Jusqu’au 13 septembre 2008
Musée de La Poste, 34, bd de Vaugirard 751015, 5€
Qui est Charles Lapicque? Oublié de nos contemporains, Charles Lapicque (1898-1988) était pourtant jugé parmi les dix peintres les plus importants de l’art occidental d’après André Breton! Le musée de la Poste nous offre un rafraîchissement de mémoire indispensable et dévoile un artiste rattaché à la Nouvelle Ecole de Paris, dont l’oeuvre a tant perturbé les critiques d’art…
Avec 85 huiles sur toile et papier et un cabinet de 60 dessins, l’exposition du musée de La Poste entend non seulement présenter les oeuvres les plus connues de Charles Lapicque – celles à partir de 1939 -, mais aussi révéler celles qui précèdent cette date charnière.
Charles Lapicque, ingénieur électricien, se passionne pour la peinture dès les années 1920. Peintre autodidacte, il apprend à dessiner au lycée puis à l’école Centrale de Paris!
Son talent le fait repérer par le sculpteur français d’origine lituanienne Jacques Lipchitz (1891-1973), qui le recommande à la galeriste Jeanne Bucher, célèbre pour ses positions avant-gardistes. En 1929, J. Bucher offre à Lapicque sa première exposition personnelle et le reconnaît ainsi officiellement peintre à part entière.
Lapicque détermine ainsi une grille de construction bleue et rouge à ses compositions, qui sera reprise par l’ensemble des artistes de son époque.
Alors qu’il aurait pu passer maître dans la voie de l’abstraction, Charles Lapicque déroute les critiques en revenant soudainement à la figuration. Car il ne voit pas pourquoi « il renoncerait aux beautés naturelles qui s’offrent à ses yeux ». L’artiste aiguise alors sa maîtrise de la « figuration gestuelle »; un style plus dynamique, qui fait naître du chaos, de la matière, le mouvement.
C. Lapicque est un artiste de la couleur et du mouvement. A tel point qu’il parvient à représenter dans un seul tableau tous les gestes d’un joueur de tennis! Dans son oeuvre, il fait coexister différents temps, différents espaces, différentes perspectives.
En 1953, il remporte le prix Raoul Dufy et s’envole pour l’Italie. A Rome, il achète un plan de la ville moderne sur lequel il surperpose un plan de Rome antique. Ce qui se traduit par des représentations de monuments anciens dans des lieux contemporains. « C’est un Humaniste ancien qui s’ouvre sur le monde moderne », le décrit Daniel Abadie dans l’excellent film (1998) du Suisse Peter Indergand, présenté en fin d’exposition (comptez 20 mn).

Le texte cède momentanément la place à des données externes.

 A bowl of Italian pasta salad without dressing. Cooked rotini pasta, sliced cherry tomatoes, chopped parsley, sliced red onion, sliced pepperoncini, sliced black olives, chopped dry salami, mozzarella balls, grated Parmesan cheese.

La partie la plus surprenante dans l’oeuvre de Lapicque reste son traitement du baroque. Venise incarne pour l’artiste le changement: » tout est passage ici-bas, nous disent les statues baroques: la vie n’est qu’un mirage, le monde une scène de théâtre » (‘Apprentissage et spontanéité’ in Essais sur l’espace, l’art et la destinée, Grasset, Paris, 1958).

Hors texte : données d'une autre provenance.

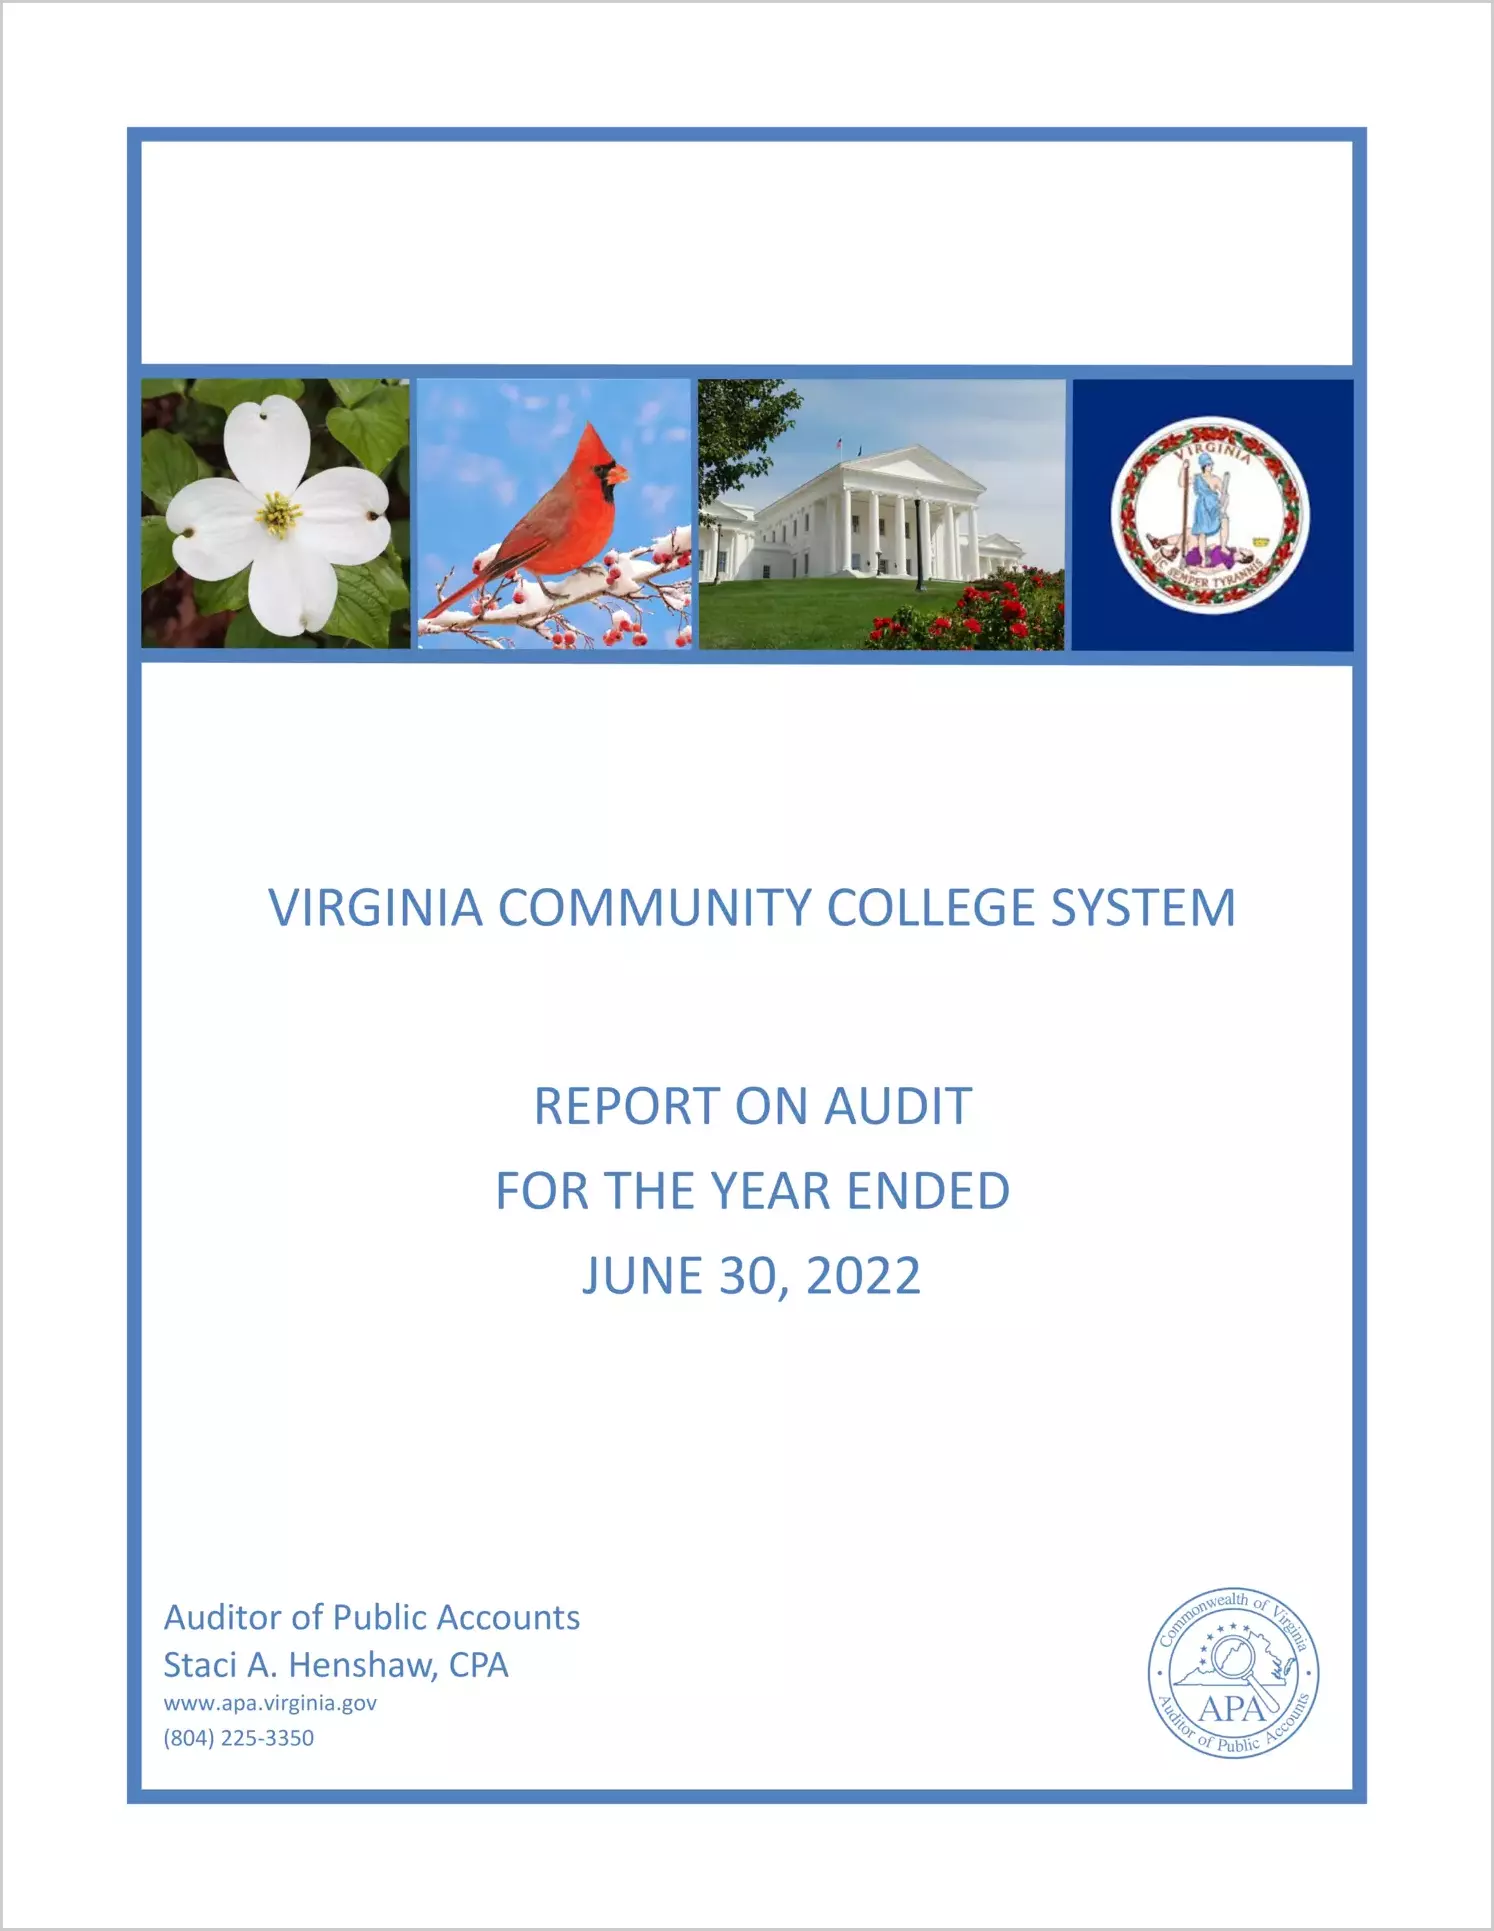 Virginia Community College System for the year ended June 30, 2022

Pour imiter le style baroque, Charles Lapicque revient aux prémices de ce mouvement artistique des XVIe-XVIIe siècle, qui se caractérise par l’exubérance, la surcharge décorative, les effets dramatiques.
« Je ne pus me résoudre à copier directement l’apparence d’un art qui se veut lui-même si délibérement apparence. Il fallait opérer autrement, partir des sources où ces gens avaient puisé, et mimer leur démarche. D’où étaient-ils partis? De l’Antiquité évidemment ». Lapicque se met donc à copier les statues antiques (cf. Fontaine baroque, 1954 ou Ange Vénitien, 1954). Mais il sait apporter sa touche personnelle en représentant des tableaux nocturnes aux couleurs chaudes – ce qui a grandement choqué les critiques parisiens de l’époque! Ils l’ont plus été encore, lorsqu’ils obervèrent des paysages bretons aux couleurs du désert (cf. Vallon en Bretagne, 1957)!
Adepte du changement, Charles Lapicque a dérouté ses contemporains. Cette recherche constante de style – « c’est un chercheur né », s’exclame la commissaire de l’exposition, Josette Rasle -, l’a desservi jusqu’en 1967. Date à laquelle il obtient une reconnaissance officielle en étant exposé au Musée national d’art moderne (Centre Pompidou). Mais cette « inconstance » le rapproche indéniablement des artistes contemporains. Et confère à son oeuvre toute son actualité.